Prompt element  breakdown
I did try to diagram out how you can combine prompting techniques to get better results.

That led me to thinking a bit more about how a prompt library that offered both the economy of having prompts to copy or join in on could be mixed with annotation that shows the concepts implemented in the prompt itself. I haven’t really worked out the structure/terms completely but something like this. You’d then be able to collect examples under particular concepts and do whatever other taxonomic/categorical stuff you want.

See the Pen
prompt breakdown example
by Tom (@twwoodward)
on CodePen.

Amy finished things off by talking about LLMs in your class and with students.

I hope some line was walked between explaining what LLMs are and how they work with enough critical analysis to provide some caution without coming on so strong I get ignored as too negative. LLMs and AI are big enough that I can’t be pro or con. I like certain potentials. I could have some real fun with aspects of these massively different technologies. I could also worry about so many things. I think Gardner’s old bag of gold analogy applies in lots of ways. Unfortunately, what we have learned is that if there is a bag of gold, capitalism will sell you plenty of high-priced, addictive, radioactive-lead-asbestos, gold-likeā„¢ items created by destroying the most beautiful areas in the world using slave labor. Soon no one will remember what real gold even looks like or that we didn’t have to do it this way or that most of the problems were created by pure greed. The companies will then charge us for rehab.

1 Just like everyone else.

2 Eh, presentation? I didn’t really give enough time for individual exploration. I’ll do better next time.

3 I always choose fish as my subject after an unfornate Brady Bunch (it was the most wholesome thing I could think of in the moment) image result many years ago.

4 Except when it throws in a footnote that the data is for display purposes only.

5 Or maybe that was just my experience.

3 thoughts on “AI Prompting Basics

  1. I am re-using a lot of your exercises as part of a wider workshop we are doing with our Faculty of Science tomorrow. (With very explicit attribution.) It will be my first time doing something like this and I am really grateful you shared. I am also quoting your lines about the golden retriever, and the bag of gold. I hope this lavish borrowing is cool with you.

    1. Ha ha . . . man, I’m thrilled to have you use any part or all of it. Do whatever you’d like regarding attribution. I’m not worried about it. Always makes me happy that the stuff is worth something to someone.

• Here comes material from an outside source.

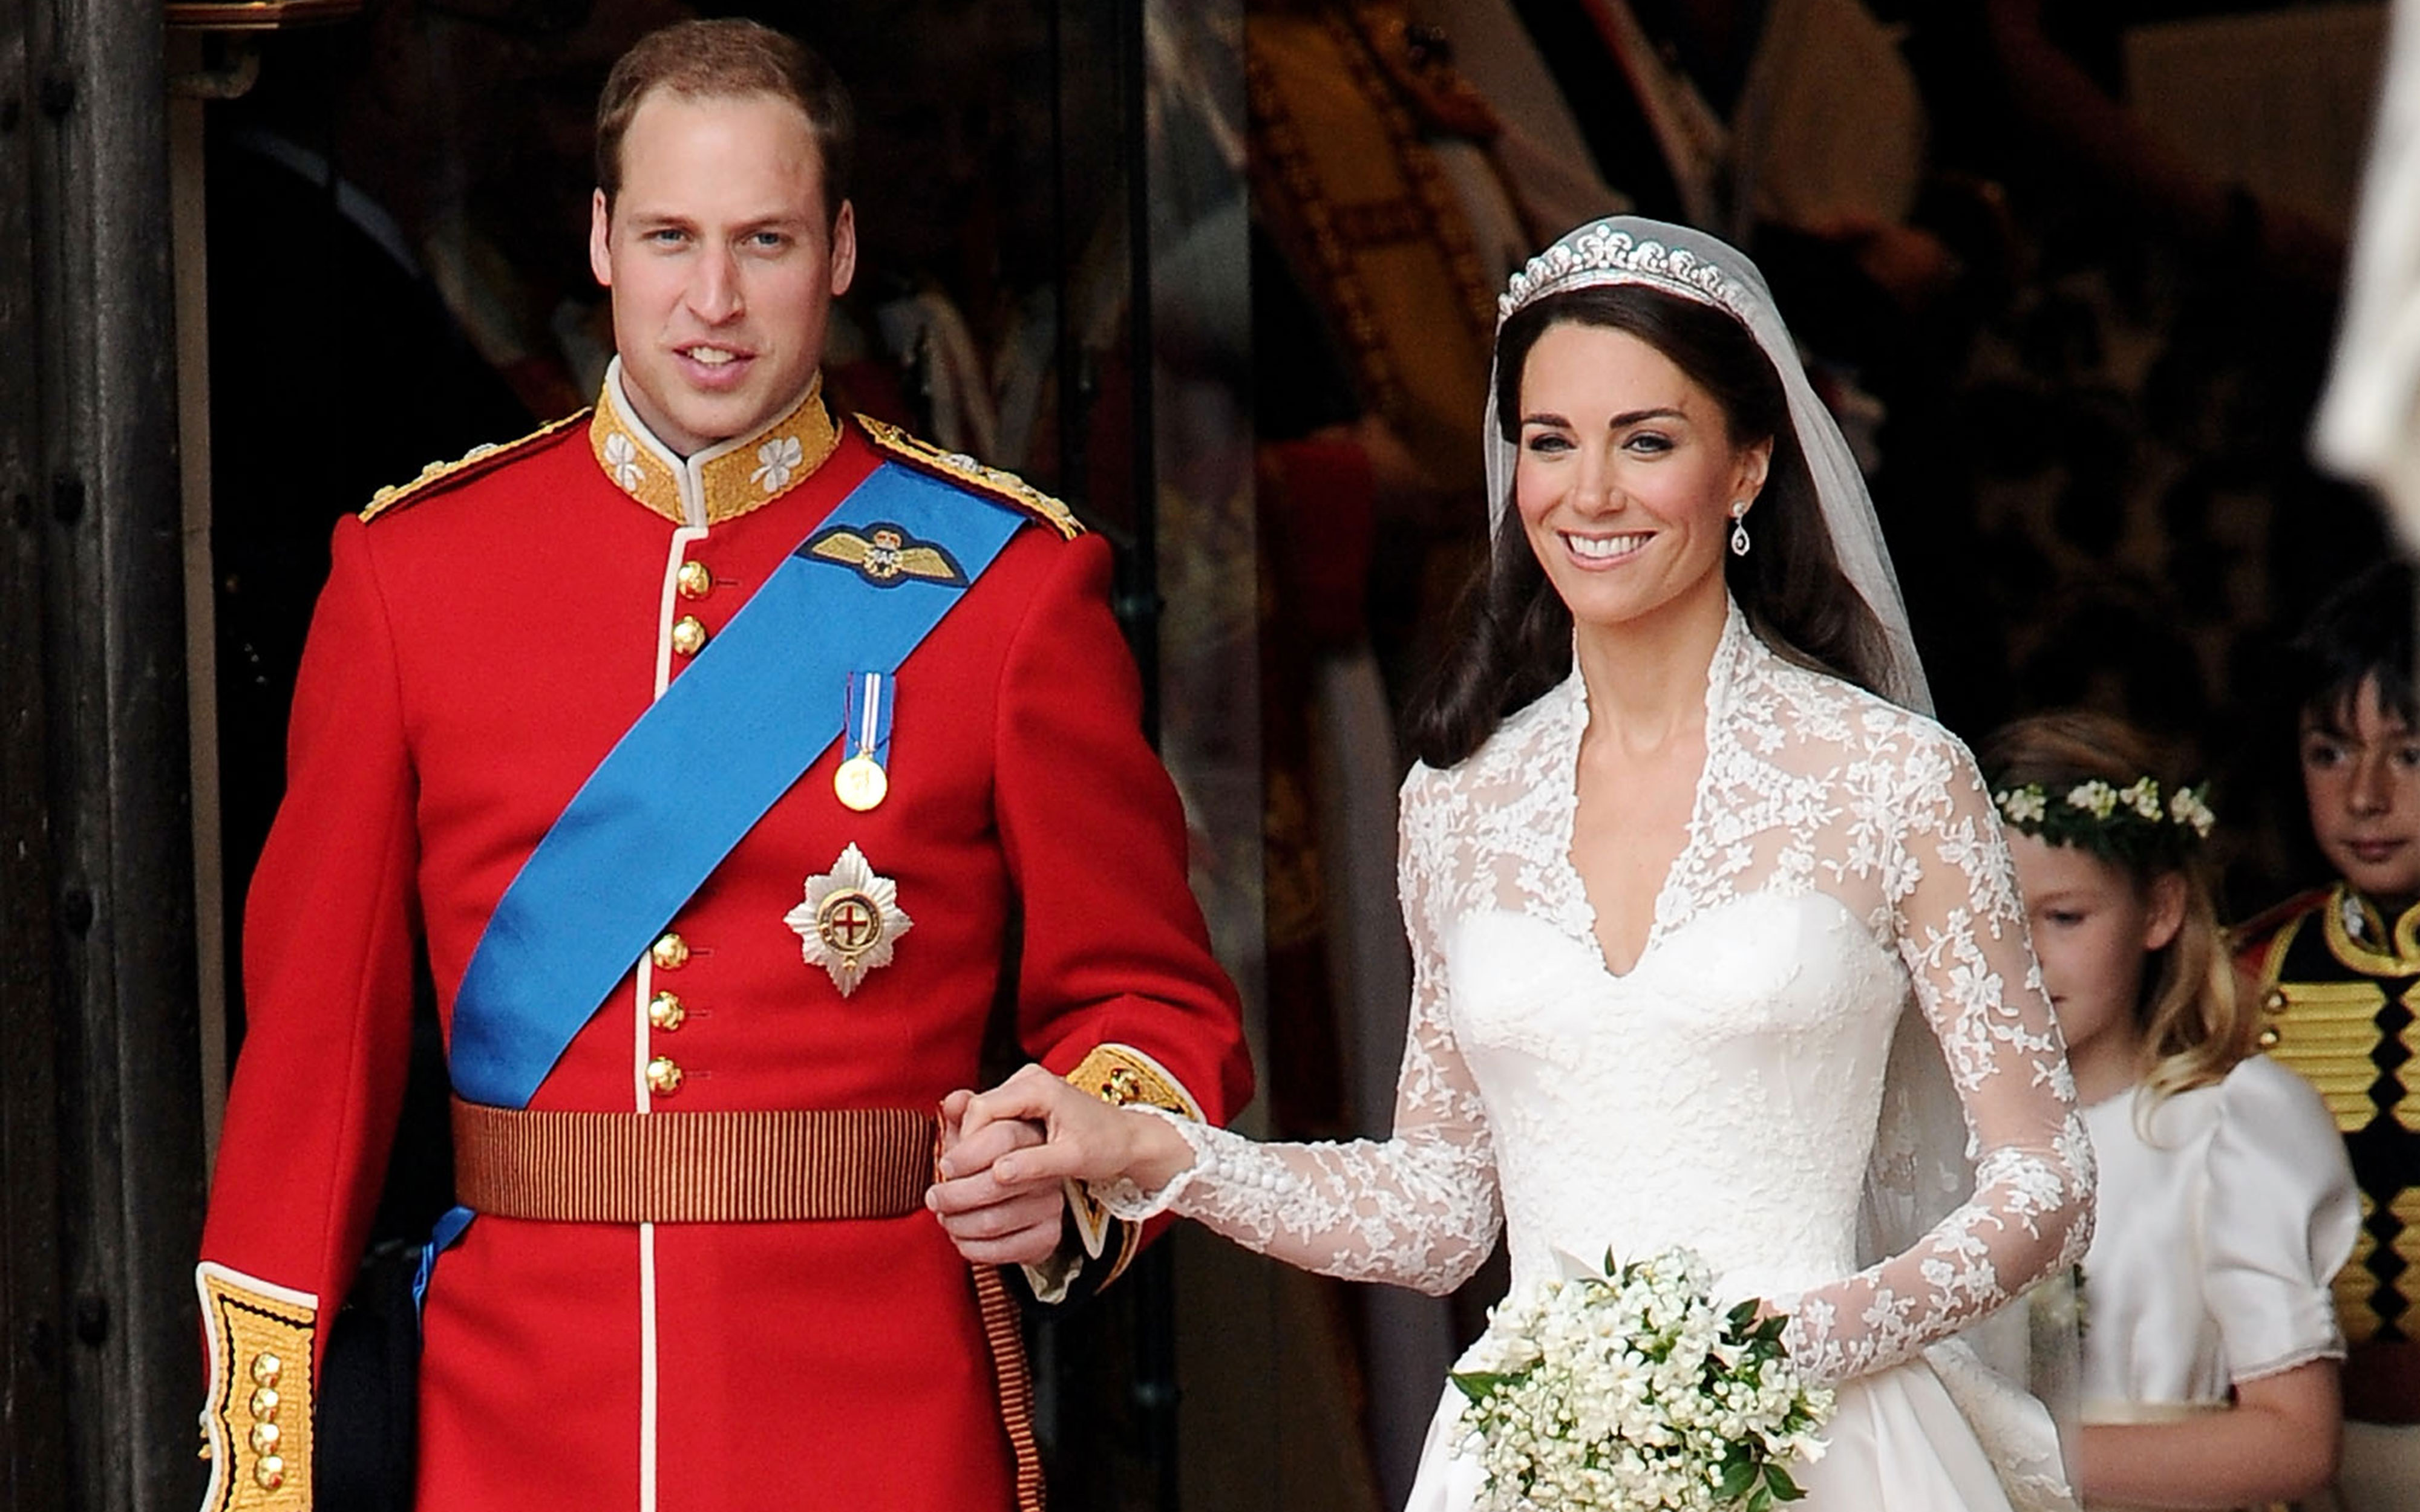 8 Behind-the-Scenes Details From Will and Kate’s Royal Wedding

      1. You’ve always been so generous, I was kind of counting on that. I literally used copies of some slides — like the “robot holding peanut butter jar” one. That example, and pretty much all of what I used seemed to go over pretty well. Thanks again for sharing this, and so much else of your recent practice. I’ve been feeling a bit overwhelmed at times lately and it is so helpful to be able to draw on the thoughtful work that you are doing.